Полицейский делал заметки в блокноте. В неуютном молчании прошло минут десять, потом в коридоре появился Пардон. Это был дурной знак. Лицо у доктора было озабоченное.
— Умер?
— Прежде чем успели раздеть. Кровоизлияние в плевральную полость. Я заподозрил это, как только услышал его дыхание.
— Ножевые ранения?
— Да, несколько. Довольно тонким лезвием. Сейчас вам принесут содержимое его карманов. Его, вероятно, отвезут в Институт судебно-медицинской экспертизы?
Этот Париж был хорошо знаком Мегрэ. Комиссар прожил в нем много лет, но до конца так к нему и не привык. Что он тут делает? Ножевое ранение, несколько ножевых ранений — это его не касается. Такое случается каждую ночь, а утром сводится к нескольким строчкам в ежедневной сводке происшествий. Однако этим вечером он по воле случая оказался на первом плане и внезапно почувствовал, что происшедшее ему небезразлично. Итальянец, который готовил лапшу, не успел рассказать, что он видел. Кажется, они с женой возвращались домой. Жили они на антресолях над лавкой.

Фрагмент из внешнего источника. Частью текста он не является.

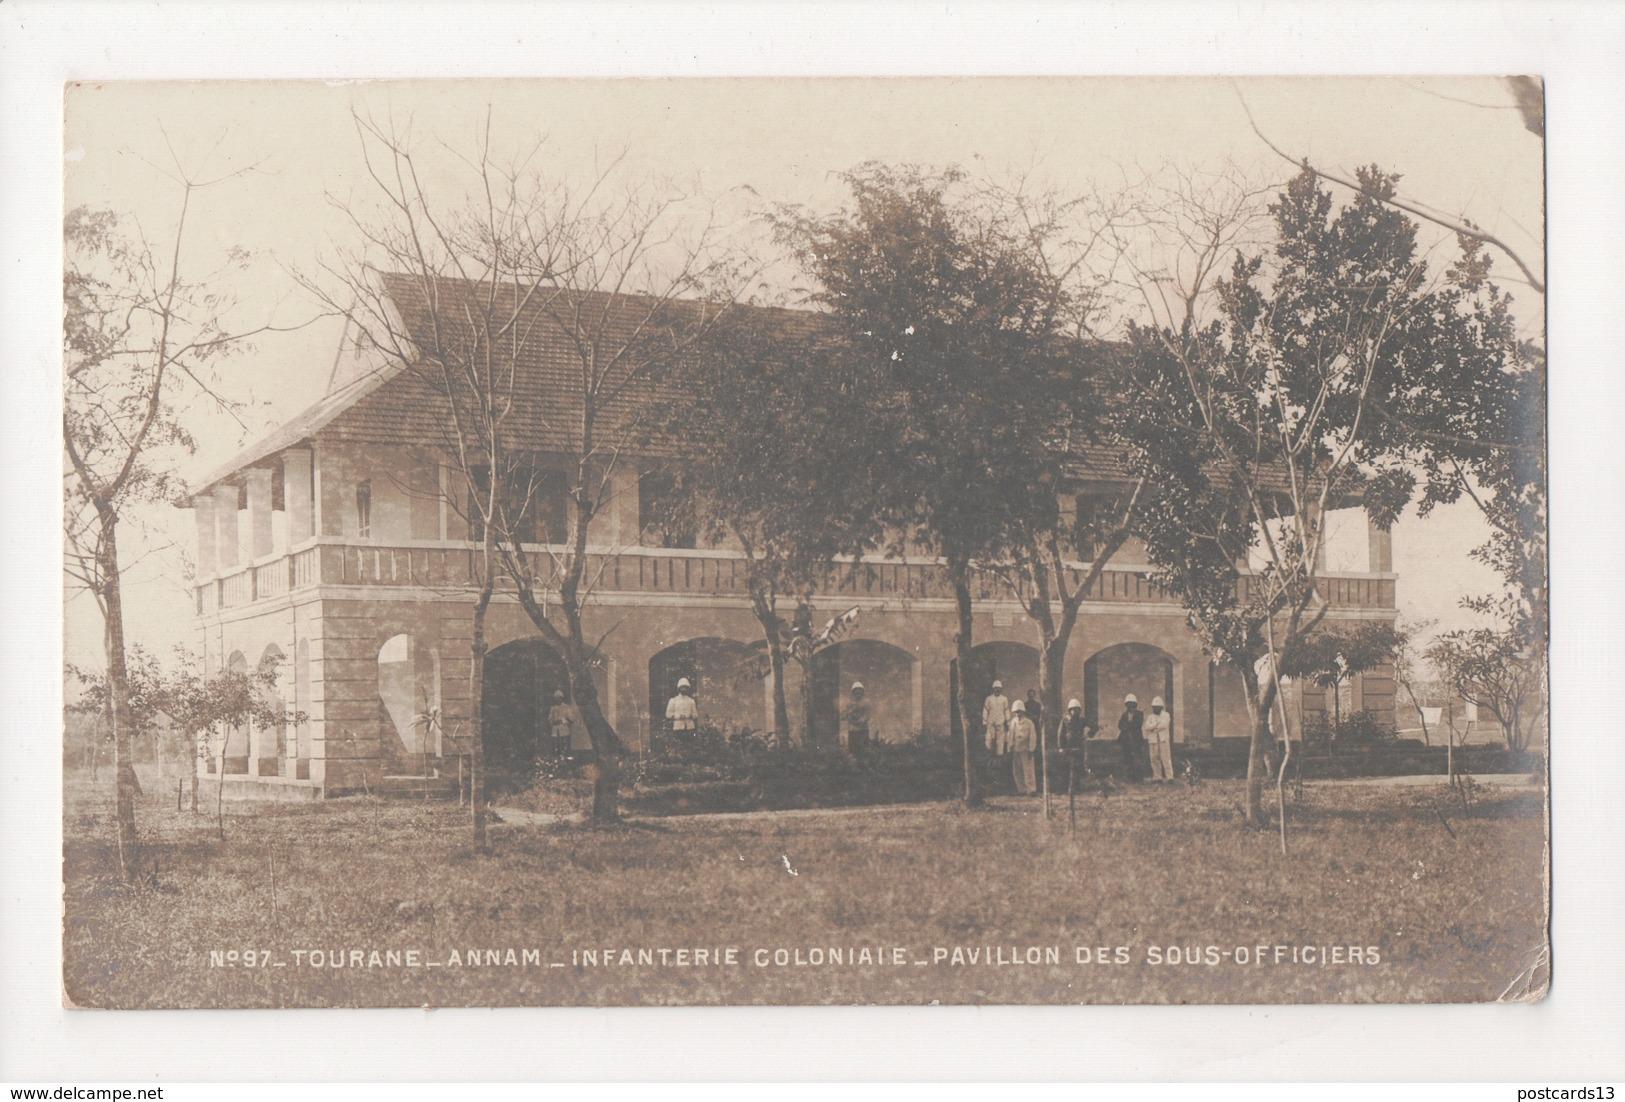 G-896 Annam Vietnam Tourane Infanterie Coloniaie Officers Real Photo Postcard - Postcards

К их маленькой группе подошла медсестра с корзиной в руке.
— Кто ведет следствие?
Полицейские в штатском посмотрели на Мегрэ, и сестра обратилась к нему:
— Вот все, что нашли у него в карманах. Вам следует написать расписку.
Небольшой бумажник, из тех, что суют в задний карман, шариковая ручка, трубка, кисет с очень светлым голландским табаком, мелочь и две магнитофонные кассеты. В бумажнике лежали удостоверение личности и водительские права на имя Антуана Батийля, 21 года, проживающего на набережной Анжу, в Париже. Это на острове Сен-Луи, недалеко от моста Мари. Кроме того, в бумажнике был студенческий билет, — Послушайте, Пардон, передайте моей жене, чтобы она возвращалась домой и ложилась спать.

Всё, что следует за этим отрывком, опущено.